- **Task description**: Here is the task for the listing below: output exactly the lines from the one containing "A still from" through the one containing "Century Archipelago Lounge Chair", and leave out the pictures.

- **Records shown**:
+ + + +

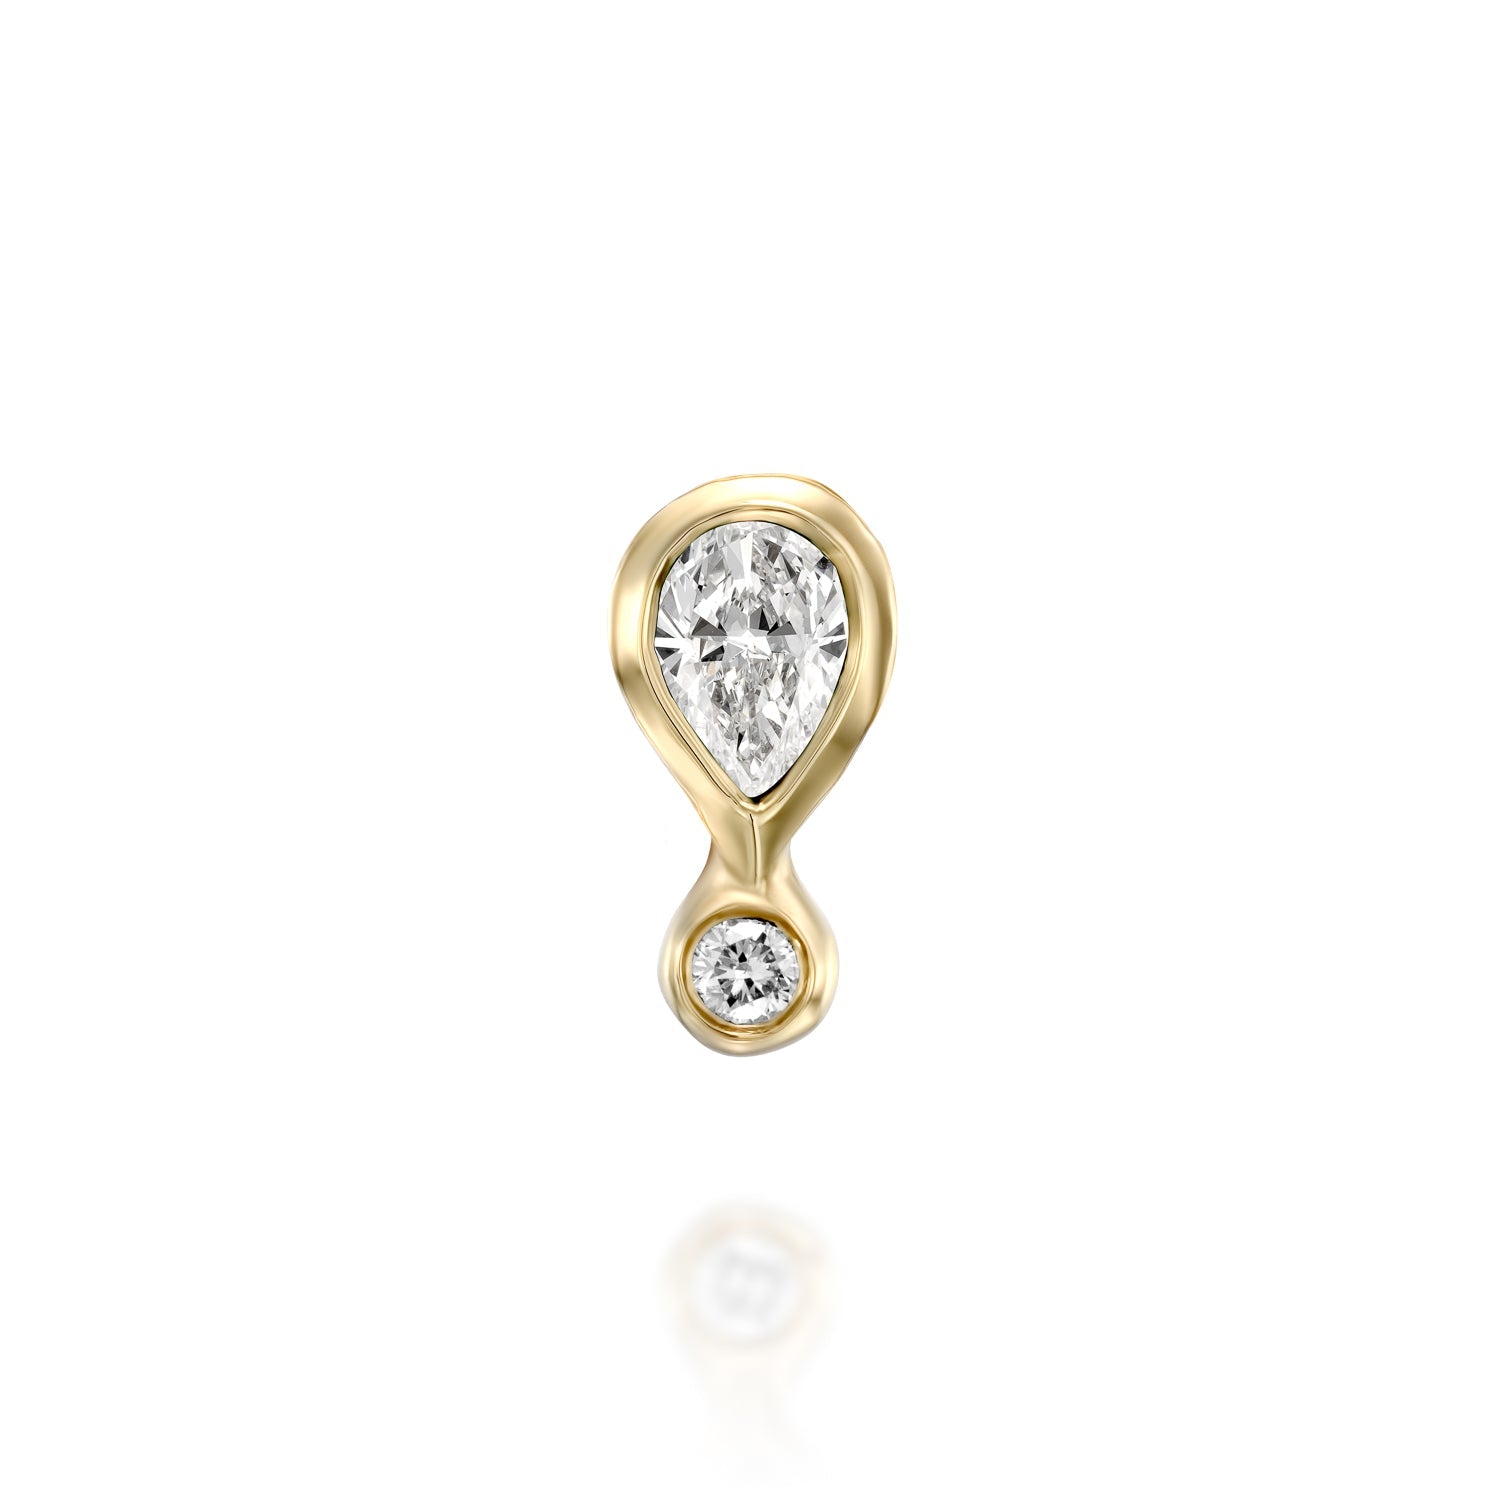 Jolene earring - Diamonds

+ + + +

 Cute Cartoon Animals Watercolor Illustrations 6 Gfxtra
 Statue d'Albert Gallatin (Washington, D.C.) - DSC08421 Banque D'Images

+ + + +

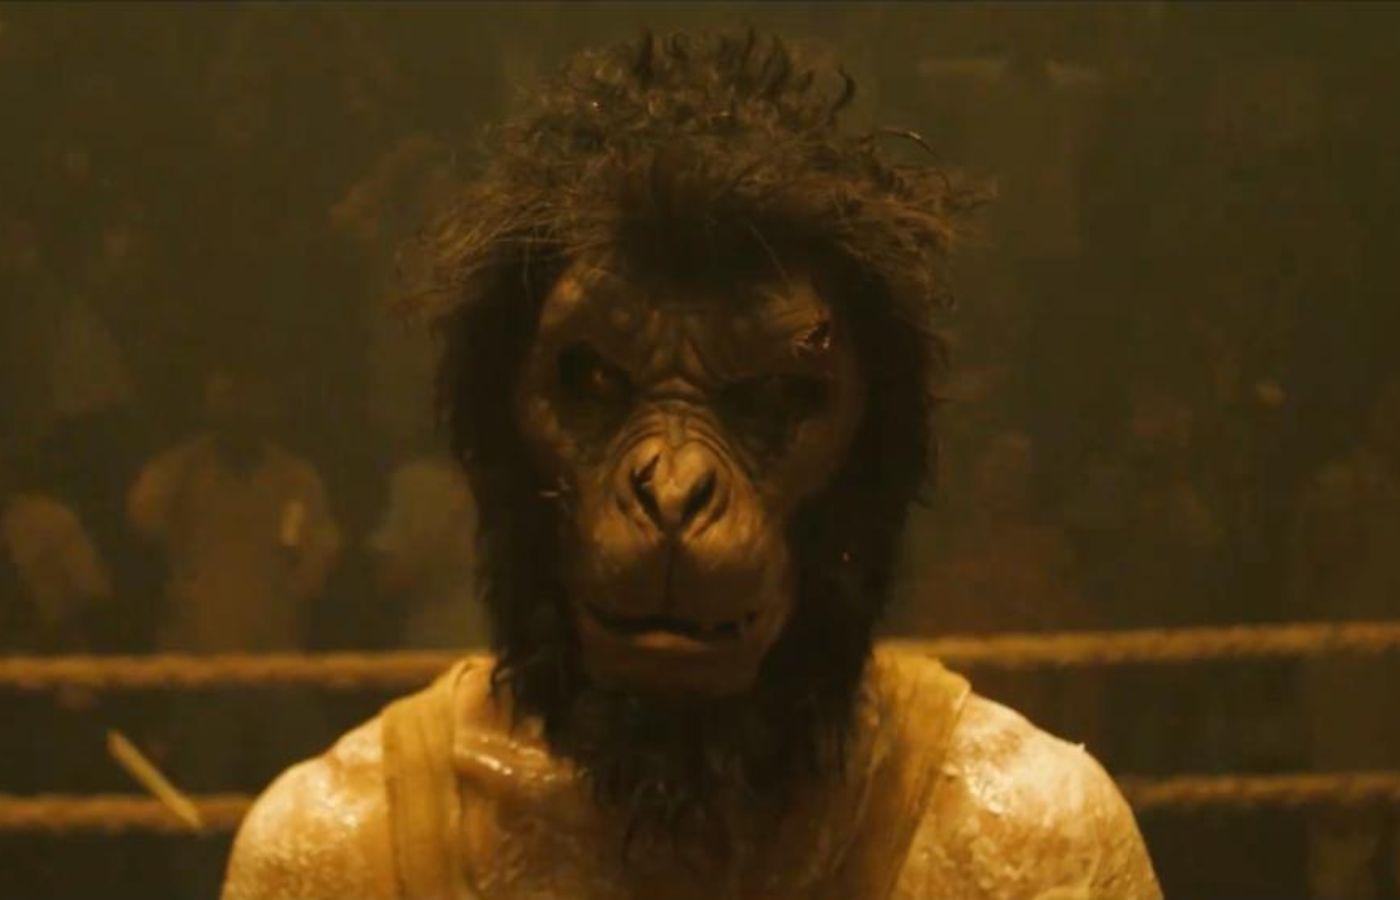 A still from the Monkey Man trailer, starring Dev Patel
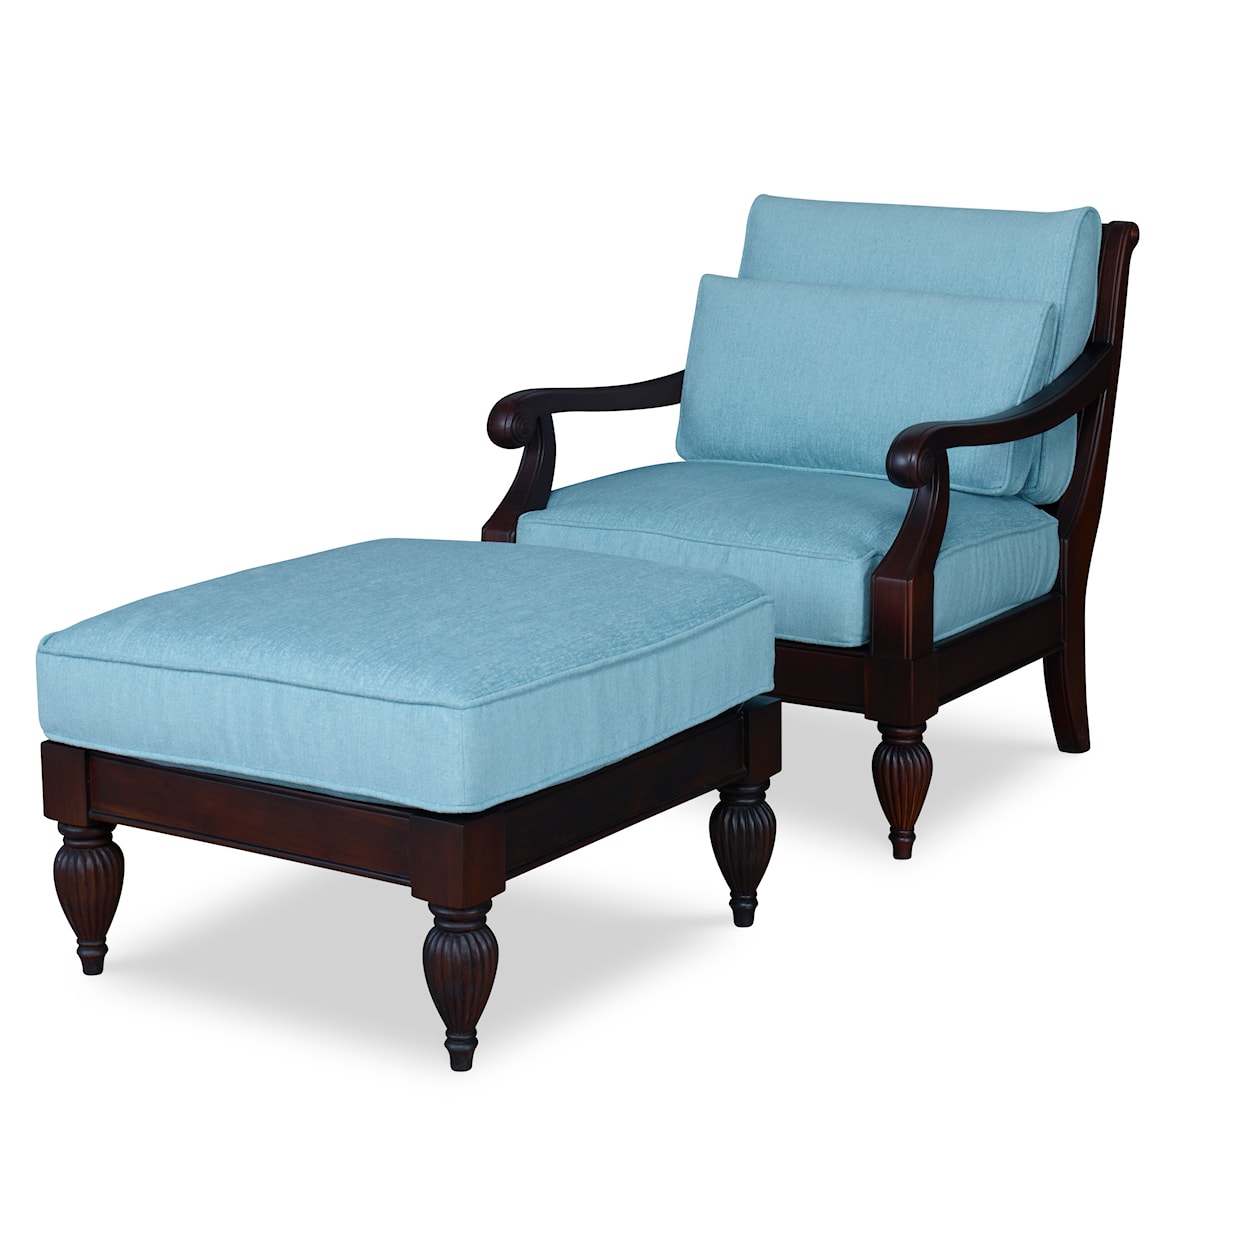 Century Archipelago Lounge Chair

+ + + +

- **Result**:
 A still from the Monkey Man trailer, starring Dev Patel
 Century Archipelago Lounge Chair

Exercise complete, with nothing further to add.